Personal information
- Full name: Harold Warwick Robb
- Born: 17 December 1924 Yea, Victoria
- Died: 2 March 1985 (aged 60) Albury, New South Wales
- Original team: Yarraville (VFA)
- Height: 170 cm (5 ft 7 in)
- Weight: 72 kg (159 lb)

Playing career^{1}
- Years: Club / Games (Goals)
- 1947–1949: Footscray / 40 0(63)
- 1949–1951: North Melbourne / 34 0(51)
- Total:  / 74 (114)

Coaching career
- Years: Club / Games (W–L–D)
- 1952-1953: The Rock
- 1954-1956: North Albury
- 1957–1962: Wagga Tigers
- 1963–1964: Collingullie
- 1965–1967: North Wagga
- 1969–1970: Wagga Tigers
- 1971: North Albury
- 1973-1975: Albury
- 1978: Walbundrie
- 1982: Lockhart
- ^{1} Playing statistics correct to the end of 1982.

Career highlights
- VFA 1946 Argus Newspaper VFA Footballer of the Year; VFL 1950 VFL Grand Final: North Melbourne; O&MFL 1955 O&MFL Premiership: North Albury; Farrer FL 1957, 1958, 1959, 1961, 1962 Farrer FL Premierships: Wagga Tigers; Milbrulong FL 1963, 1964 Milbrulong FL Premierships: Collingullie; Hume FL 1978 Hume Football League Premiership: Walbundrie; 1982 Hume Football League Premiership: Lockhart;

= Tim Robb =

Australian rules footballer

Harold Warwick "Tim" Robb (17 December 1924 – 2 March 1985) was an Australian rules footballer who played with Footscray and North Melbourne in the VFL.

Robb shared the 1946 Argus Cup newspaper award for the best and fairest player in the Victorian Football Association, when representing the Yarraville Football Club. Robb finished fourth in the 1946 VFA Recorder Cup trophy, with 23 votes.

Robb played as a rover and was also a capable goalkicker for his clubs. His first club was Footscray with whom he debuted in 1947 and spent two and a half seasons there. During the 1949 season he transferred to North Melbourne. He was a member of North Melbourne's inaugural 1950 VFL Grand Final team and kicked two goals in a losing cause.

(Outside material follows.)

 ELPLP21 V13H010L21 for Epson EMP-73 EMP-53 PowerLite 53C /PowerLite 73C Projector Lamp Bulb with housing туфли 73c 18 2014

Prior to playing VFL football, Robb served in both the Australian Army and the Royal Australian Navy during World War II.

Robb coached The Rock Football Club in 1952 & 1953 in the Albury & District Football League and was runner up in the league's best and fairest medal on a count back in 1952 and was runner up again in the medal in 1953.

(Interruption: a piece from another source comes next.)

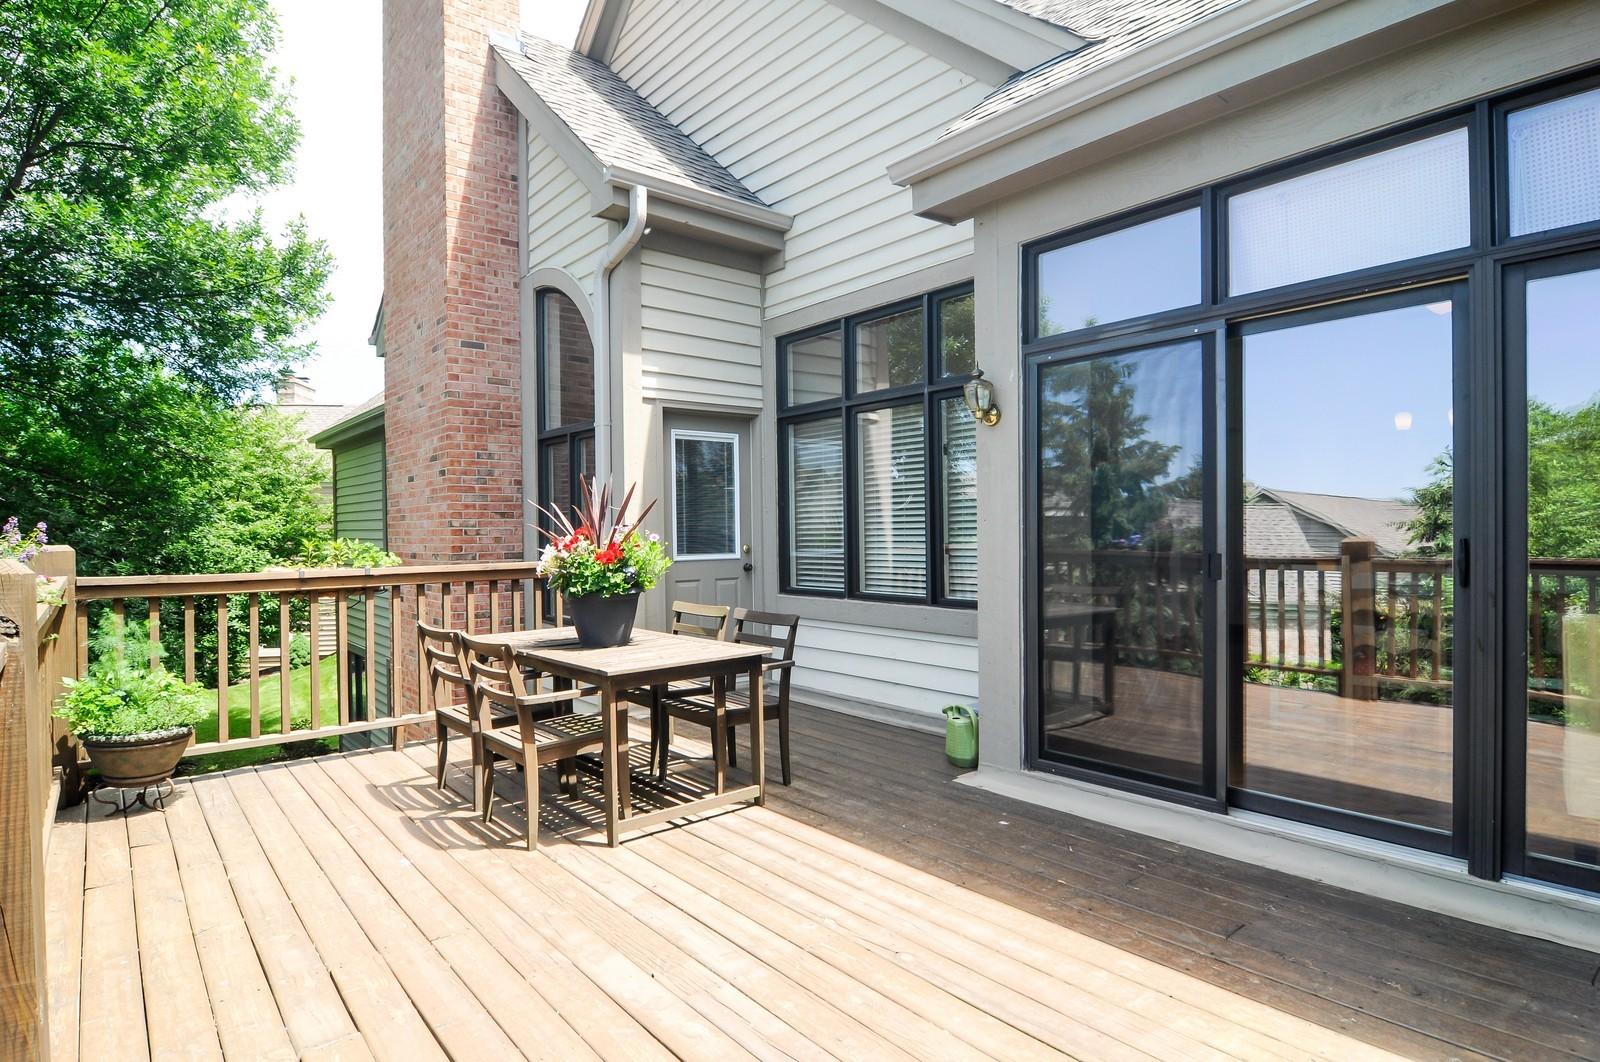 Real Estate Photography - 5 La Costa, Lake in the Hills, IL, 60156 - Deck

Robb accepted the coaching position at North Albury in 1954. and was captain coach of their 1955 O&MFL premiership and were runners up in 1956.

Robb was captain-coach of the Ovens & Murray Football League Inter-league side that won the 1955 Victorian Country Football Championships in Albury.

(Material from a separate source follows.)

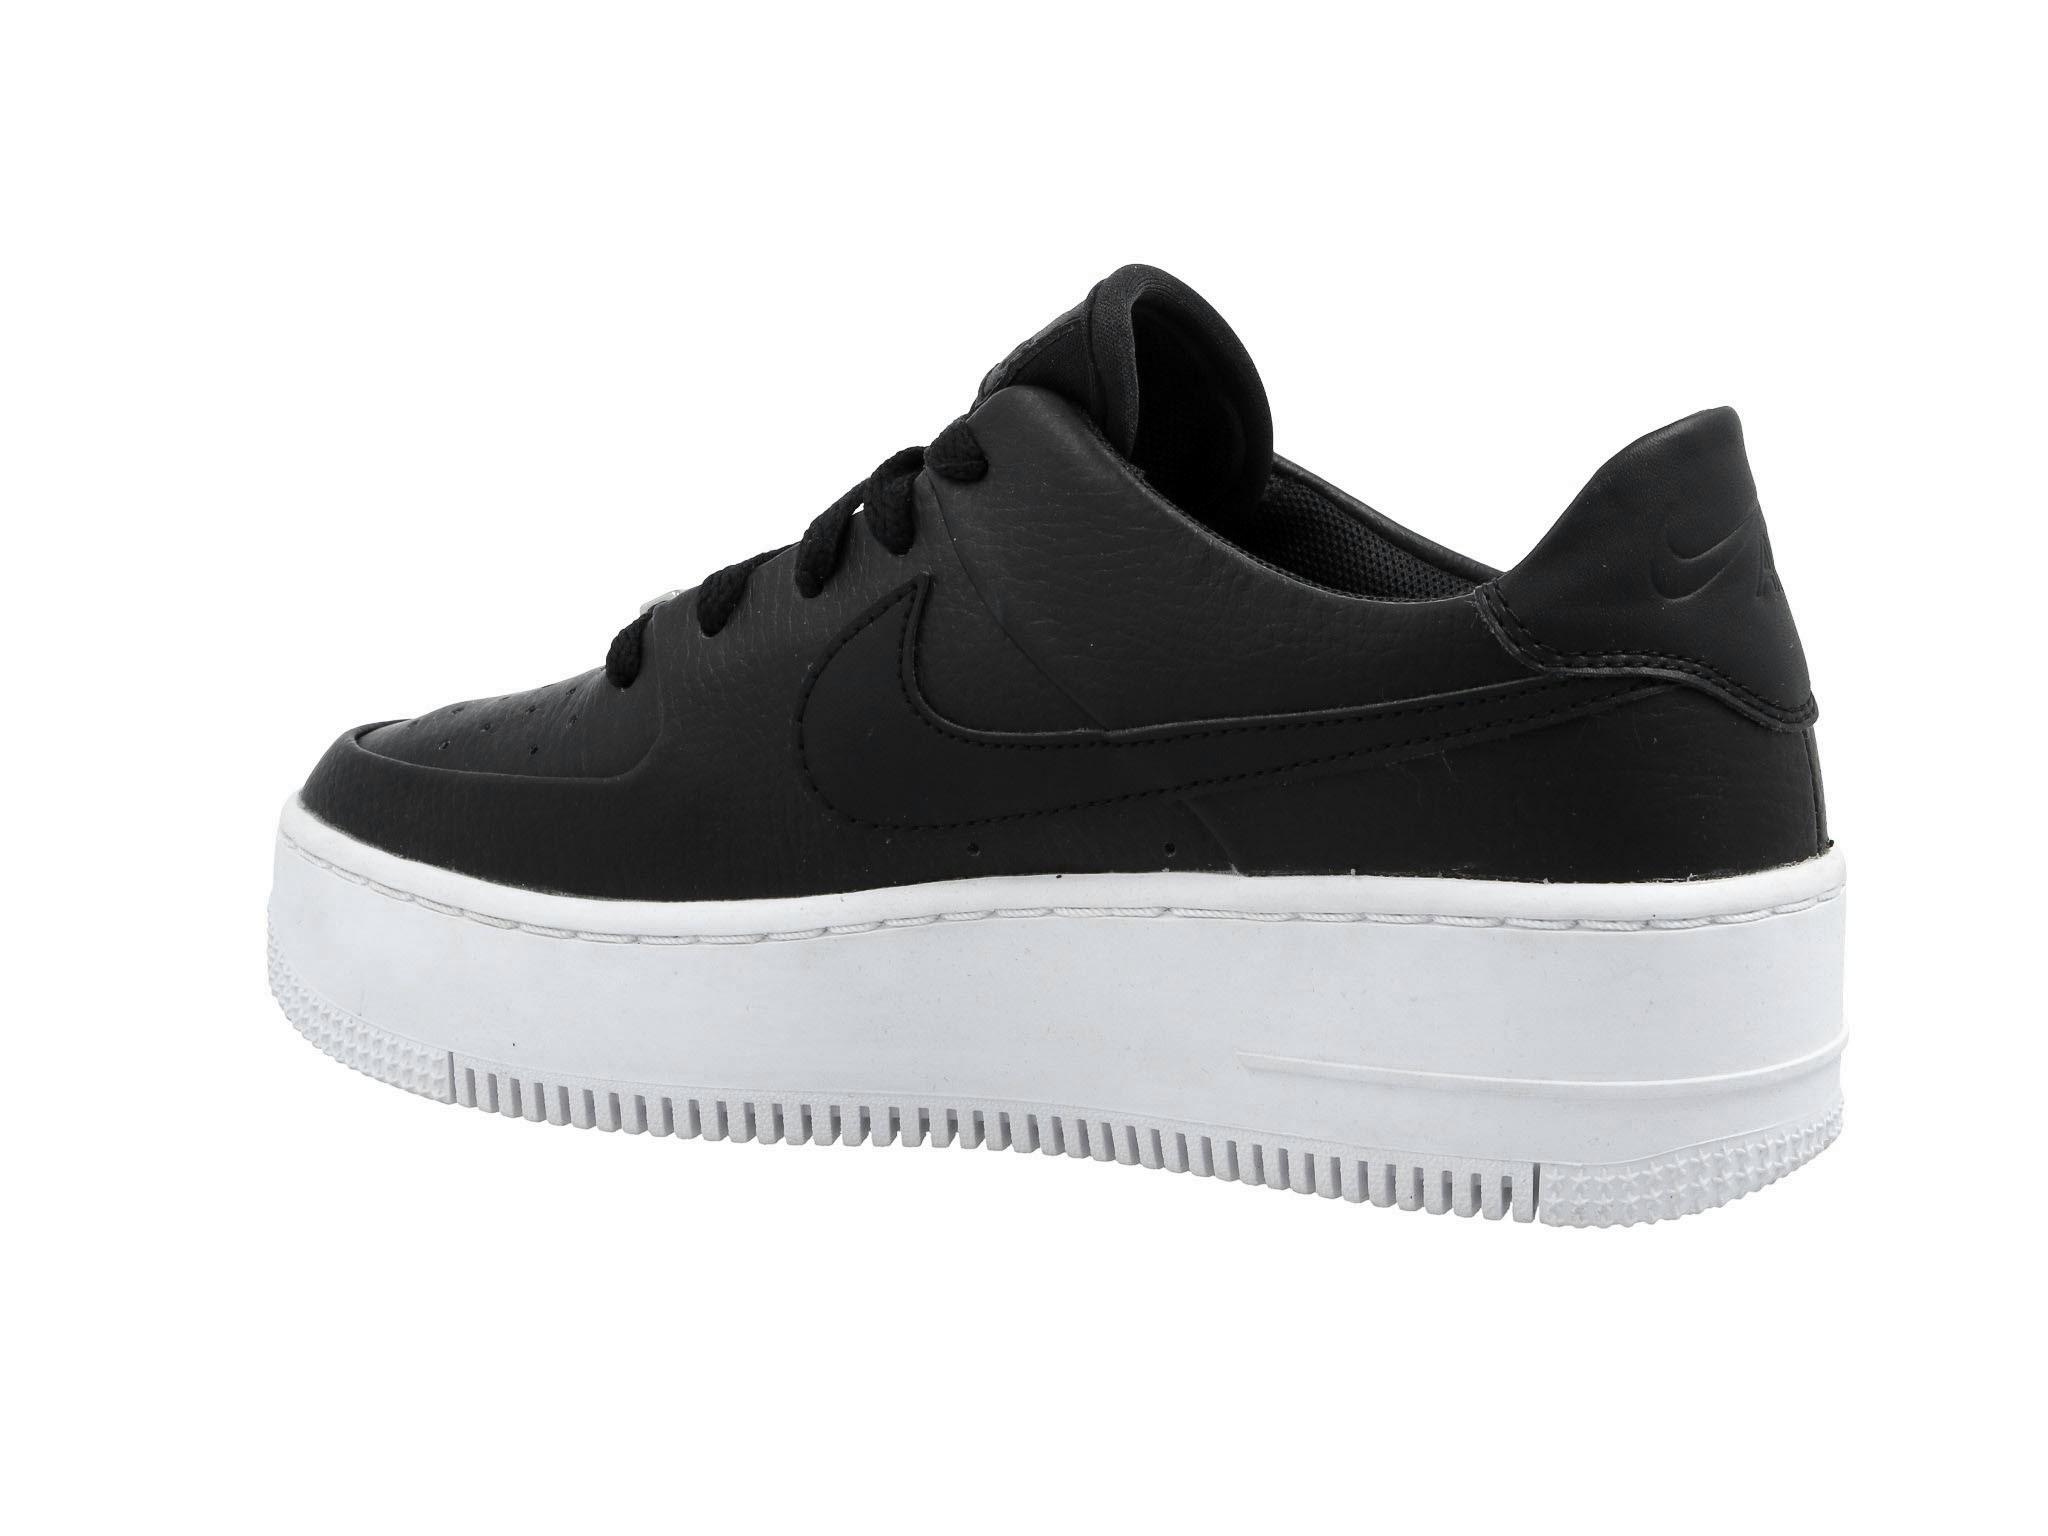 Vásárlás: Nike cipő Nike Air Force 1 Sage Low W AR5339 002

Robb moved to Wagga as captain-coach of the Wagga Tigers and led them to five premierships, 1957, 1958, 1959, 1961 and 1962 and runners up in 1960. He then coached Collingullie to back to back Milbrulong Football League premierships in 1963 and 1964.

In 1960, Robb, a rover-forward topped the Farrer Football League goalkicking list with 69 goals ahead of Culcairn’s evergreen Harry “Splinter” Liston with 65.

Robb retired from playing after the 1967 football season.

Robb was captain coach of three teams in major leagues that made ten successive grand finals, between 1955 and 1964 for eight premierships!

Robb coached Walbundrie to a Hume Football League premiership in 1978 and then coached Lockhart to the 1981 Hume Football League premiership.